Positions of positively selected codons in the U2af1-rs1 retrogene lineage
| Position in alignment | Amino acid in retrogene lineage | Amino acid in parent lineage | Position in retrogene protein | Position in parent protein | |
|---|---|---|---|---|---|
| 38 | M | L | 0.659 | 33 | 38 |
| 46 | A | L | 0.57 | 41 | 46 |
| 63 | L | E | 0.996 | 55 | 62 |
| 154 | E | G | 0.576 | 142 | 154 |
| 206 | V | I | 0.745 | 192 | 206 |
| 313 | V | M | 0.678 | 300 | 313 |
| 355 | P | D | 0.997 | 342 | 355 |
| 361 | S | F | 0.501 | 348 | 361 |
| Y(mouse) | |||||
| 384 | H(rat) | R | 0.875 | 371 | 384 |
| 385 | H | R | 0.965 | 372 | 385 |
| 388 | S | P | 0.528 | 373 | 388 |
| 480 | E | S | 0.993 | 415 | 475 |
| 485 | G | R | 0.593 | 420 | 480 |
| 491 | H | R | 0.942 | 426 | 486 |
| 493 | T | R | 0.802 | 428 | 488 |
The position differs from alignment to protein as the alignment file contains sequence gaps.
Our confidence in each of these sites being positively selected is calculated using the posterior probability and summarized in the P values shown. P values vary from 0.00 (no evidence for belonging in the positively selected category) to 1.00 (100% confidence of belonging in the positively selected category).
Dark gray area refers to residues deemed to be false positives due to poor alignment of the U2af1-rs sequences.
Figure 4Three-dimensional structure of U2af1-rs proteins. (A) Disorder prediction. Positions of all the positively selected residues along the protein are shown as gray triangles. Position of U2af35-homologous domain shown as thick black line. Positively selected residue within this domain shown as white triangle. Thin black line denotes disorder probability 0.5. Values above this predict disorder. (B and C) Closeup view of the neighboring residues to the positively selected residue. (D) U2AF1-RS2 isoelucine. (E) U2AF1-RS1 valine. Residues within 6 Angstrom cut-off from the isoleucine residue or valine residues are colored by secondary structure: beta-sheets yellow, alpha helix purple, and coil white.

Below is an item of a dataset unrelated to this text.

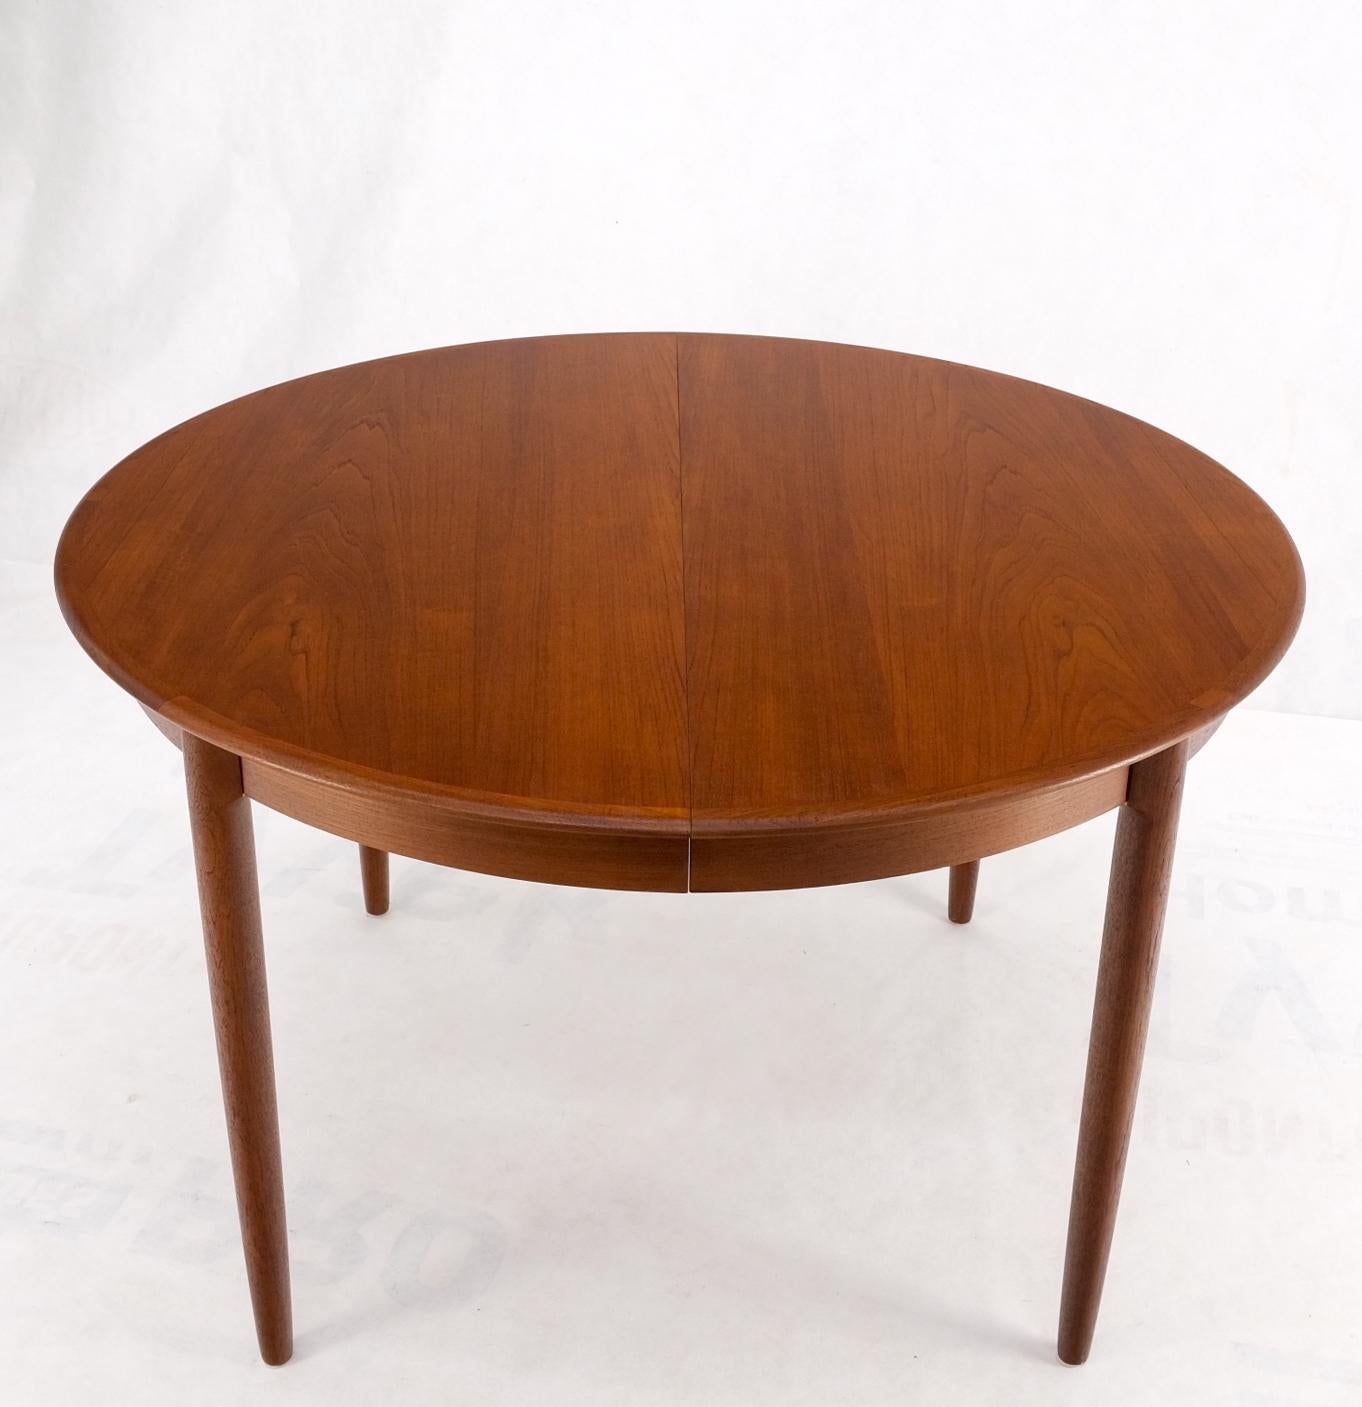 Danish Teak Mid-Century Modern Round Dining Table w/ Two Extension Boards Leafs For Sale 4

Figure 5Expression for mouse retrogenes and their parent genes during spermatogenesis. GC RMA values for two biological replicates were averaged. Data were extracted from GEO dataset GDS2930 from Namekawa et al 2006. Probe identifiers were 1425018_at for Mcts1, 1451058_at for Mcts2, 1417411_at for Nap1l5, 1418046_at for Nap1l2, 1449354_at for U2af1-rs1, and 1455727_at for U2af1-rs2. There was no specific probe for Inpp5f_v2, so this gene could not be included.